Rezension

Ein Krimivergnügen, in dem die Regeln des Genres nicht allzu ernst genommen werden

Die feine Nase der Lilli Steinbeck - Heinrich Steinfest

Die feine Nase der Lilli Steinbeck
von Heinrich Steinfest

Bewertet mit 5 Sternen

Bei Krimis, etwa im Fernsehen, mag man sich immer wieder mal fragen, ob das, was man da gesehen hat, auch in der Realität möglich ist; zu einem guten Krimi gehört dann oft, dass das Dargestellte »realistisch« ist.

Nicht so bei Heinrich Steinfest.

Da gibt es Schlüsselanhänger, die aus Insekten und Technik bestehen, eine ausgestorbene Vogelart, die Dronten, taucht gleich als ganze Kolonie in einer Art unterirdischem Raumfahrtzentrum auf, und ein Detektiv, der sich aufgrund seines Körpergewichts kaum bewegen kann, kommt immer davon, weil Pistolenkugeln einen Weg um ihn machen – er ist ihnen zu unangenehm. Dass dann auch mal die Frage gestellt wird, ob eine Person am Verbrechen beteiligt ist, diese Frage dann aber nicht beantwortet wird, gehört zur Steinfest’schen Art, Krimis zu schreiben, die dieses Genre nicht zu ernst nimmt.

Zur Handlung: Georg Stransky wird entführt, die Spur führt nach Griechenland, und Lilli Steinbeck, die Polizistin, nimmt Urlaub, um den Fall zu klären. Stransky, so stellt sie fest, gehört zu einer Zahl von Männern, die entführt, dann wieder frei gelassen werden. Es ist das Spiel zweier Gruppen: Die eine (die Verbrecher) will dafür sorgen, dass die Freigelassenen umgebracht werden, die andere (die Götter) möchte, dass sie nach Hause zurückkehren können. Sobald einer der Entführten wieder zu Hause angekommen ist, hat die zweite Gruppe gewonnen, und das Spiel ist beendet. Lilli Steinbeck übernimmt nun mit dem Detektiv Kallimachos die Aufgabe, Stransky zu finden, um ihn möglichst heil zu Hause abzuliefern.

Wie in seinen anderen Romanen erfreut Steinfest Leserin und Leser auch hier wieder mit einer Fülle skurril-komischer Sprachbilder, die Dinge immer wieder über Paradoxien verdeutlichen können.
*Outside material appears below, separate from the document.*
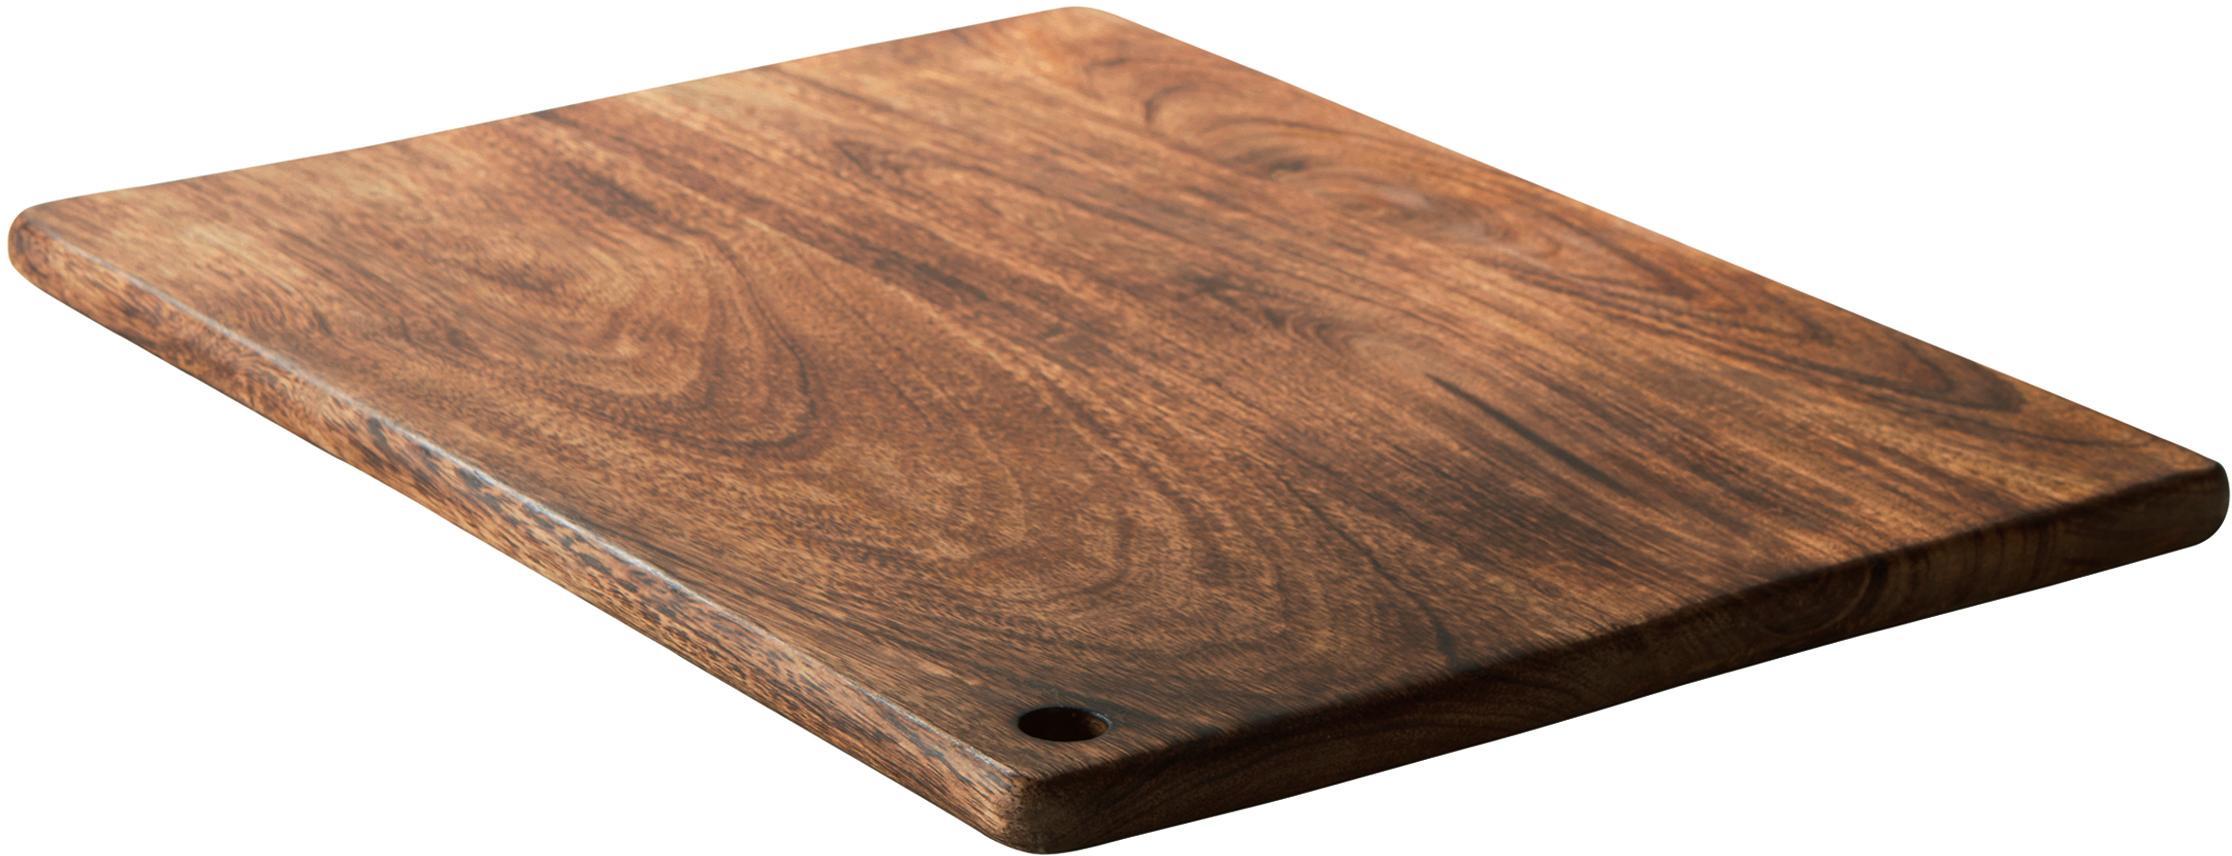 Schneidebrett Colton, Mangoholz, Mangoholz, B 40 x T 30 cm

Da gibt es z. B. einen Croupier »mit der gepreßten Stimme eines glattgewalzten Marienkäfers«, der grinst, was aussieht, »als lächle ein Panzerkreuzer. Ein Panzerkreuzer mit der Stimme eines zerdrückten Marienkäfers.« (S. 186) Oder es gibt Leute, die »an fleischgewordenes Kriegsspielzeug erinnerten und daran, wie schlecht solches Spielzeug für eine gesunde Entwicklung ist« (S. 165). Und der Boss der »Götter«-Gruppe hat eine Ehefrau, die aber keiner kannte: Dazu muss gesagt werden, dass er »noch nie mit einer anderen Frau gesehen worden war als mit jener, mit der man ihn auch noch nie gesehen hatte« (S. 76). Schön auch, wie Steinfest in seinen verschiedenen Romanen Figuren aus anderen seiner Bücher auftauchen lässt. Stavros Sterling spielt in »Die feine Nase der Lilli Steinbeck« wie in »Plutos Liebe« eine Rolle, Lilli taucht auch am Rande in »Plutos Liebe« auf, und Steinfests Stuttgarter Kommissar Rosenblüt kommt auch hier, im Steinbeck-Krimi, zu einem kurzen Einsatz.
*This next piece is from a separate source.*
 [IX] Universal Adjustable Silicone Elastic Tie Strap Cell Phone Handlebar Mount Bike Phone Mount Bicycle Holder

Die Menschen sind in Steinfests Roman Spielball – der Verbrecher wie der Götter. Und wichtig ist es, wie Lilli Steinbeck gegen Ende feststellt, widerständig zu sein.
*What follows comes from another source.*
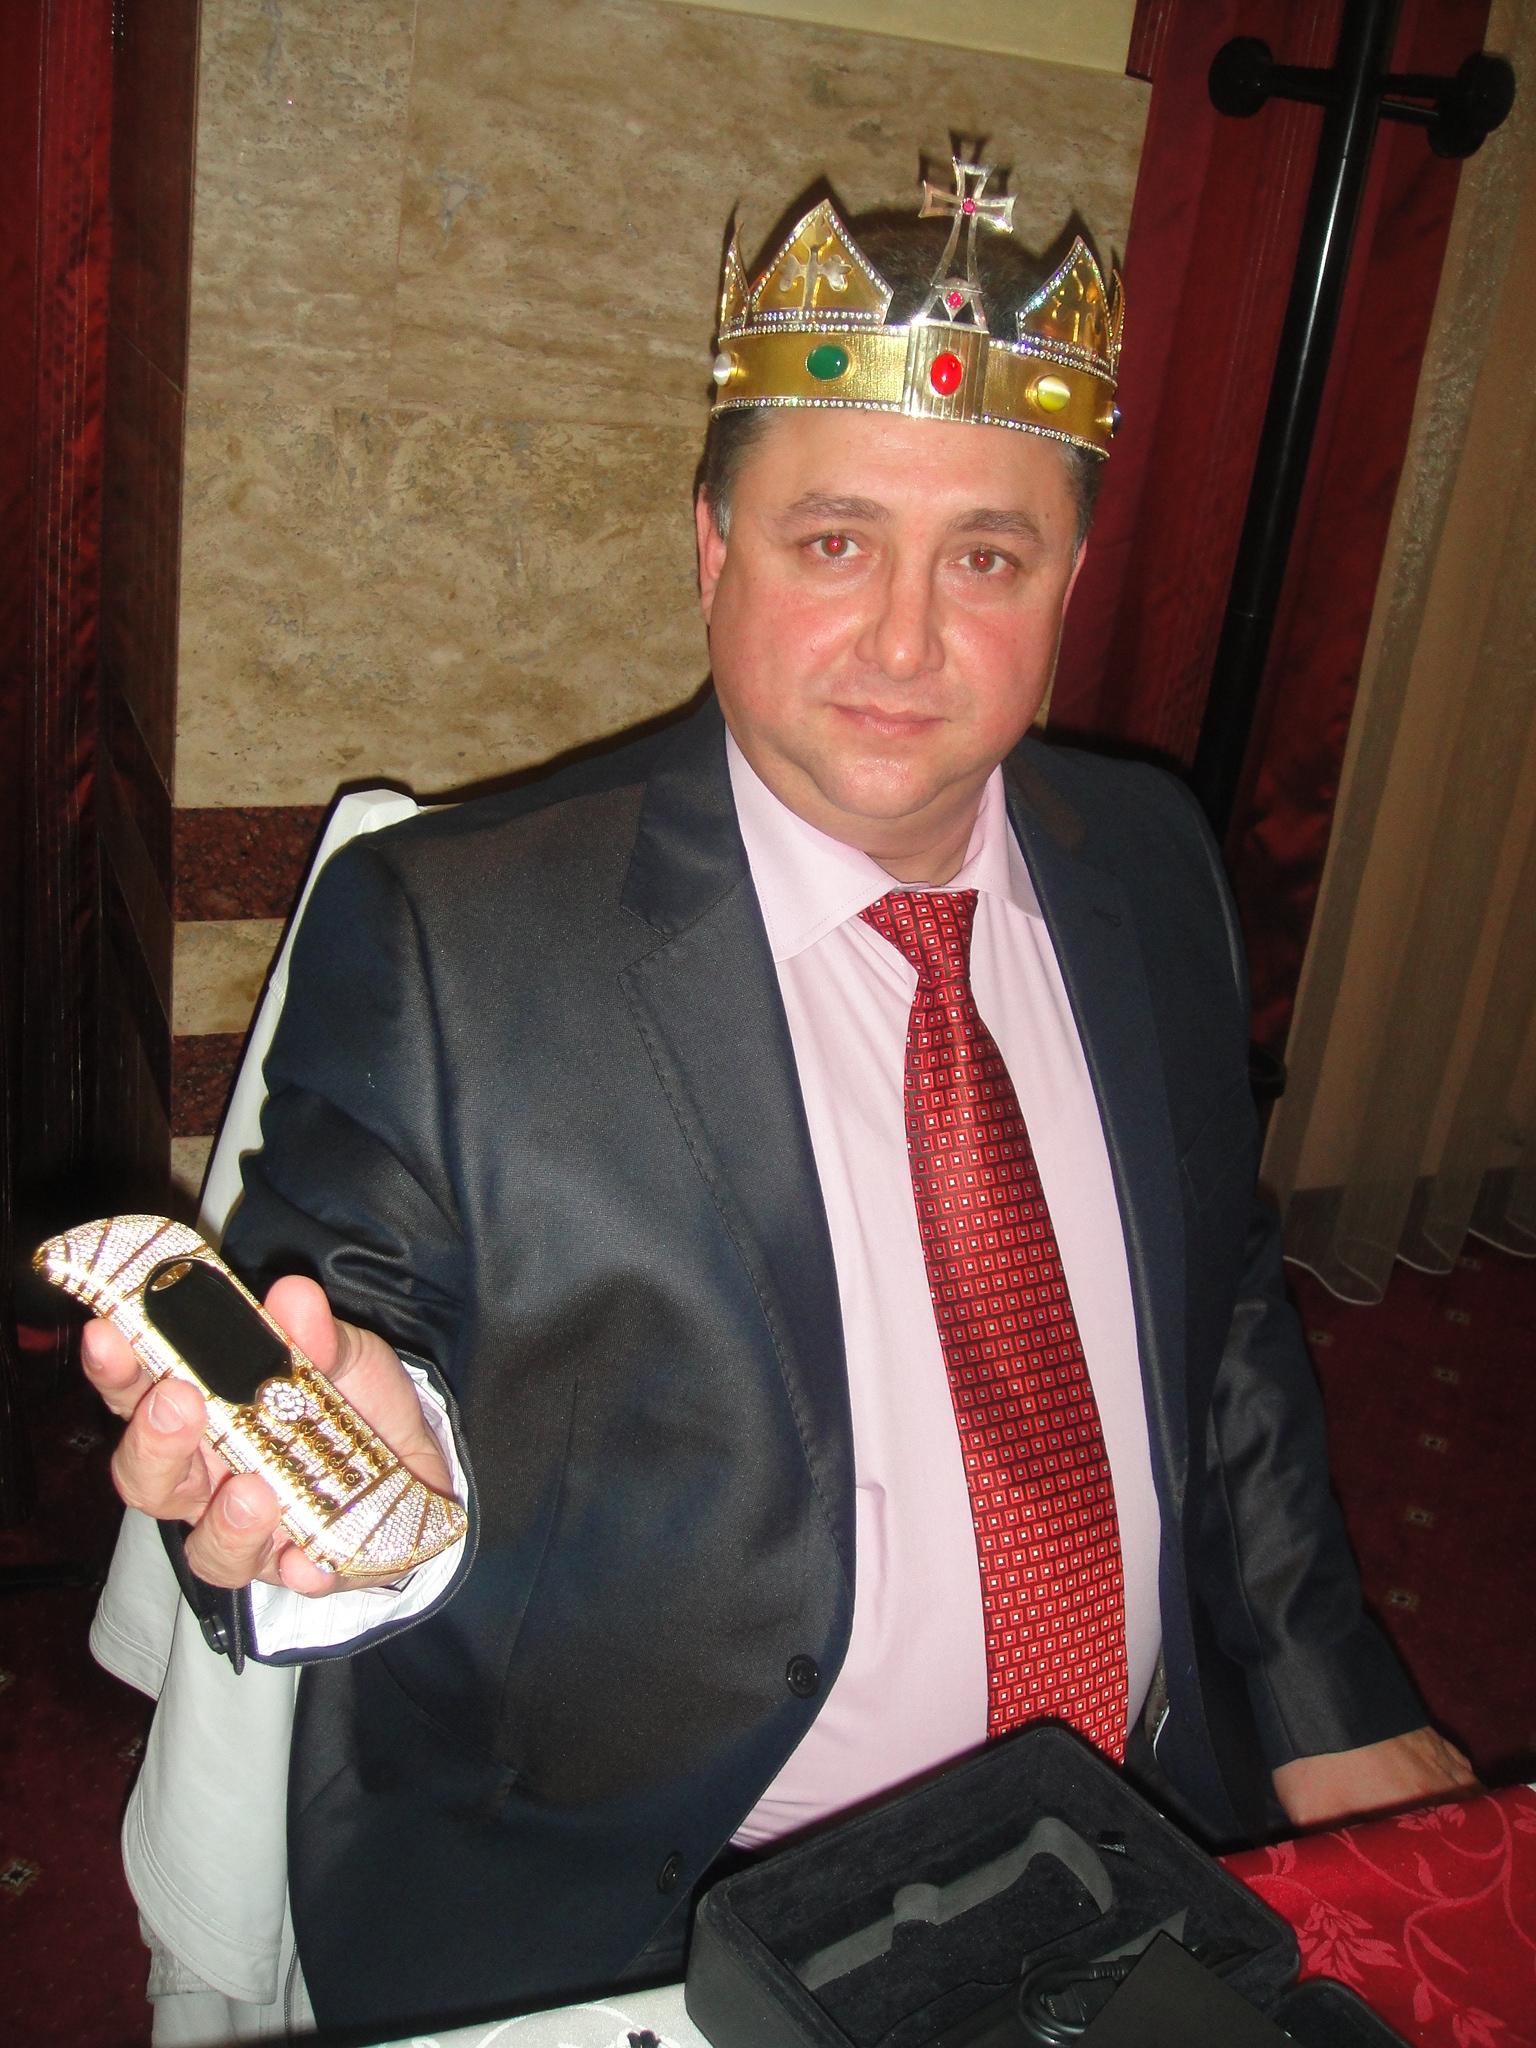 Dan Stanescu si-a asortat la coroana un telefon din aur

Schließlich kann sie Stavros Sterling und seiner Frau Inula helfen, dass ihr kleiner Sohn, der nachts ständig schrie, zur Ruhe findet: »Lilli war in diesen Sturm geraten, um letztendlich ein Kind zu ›stillen‹ und ihm in seinen Schlaf zu helfen. Das war es: ein Kern von Glück.« Aber: »Kein Glück ohne Ende.« (S. 340)

Das Buch ist ein großes Lesevergnügen.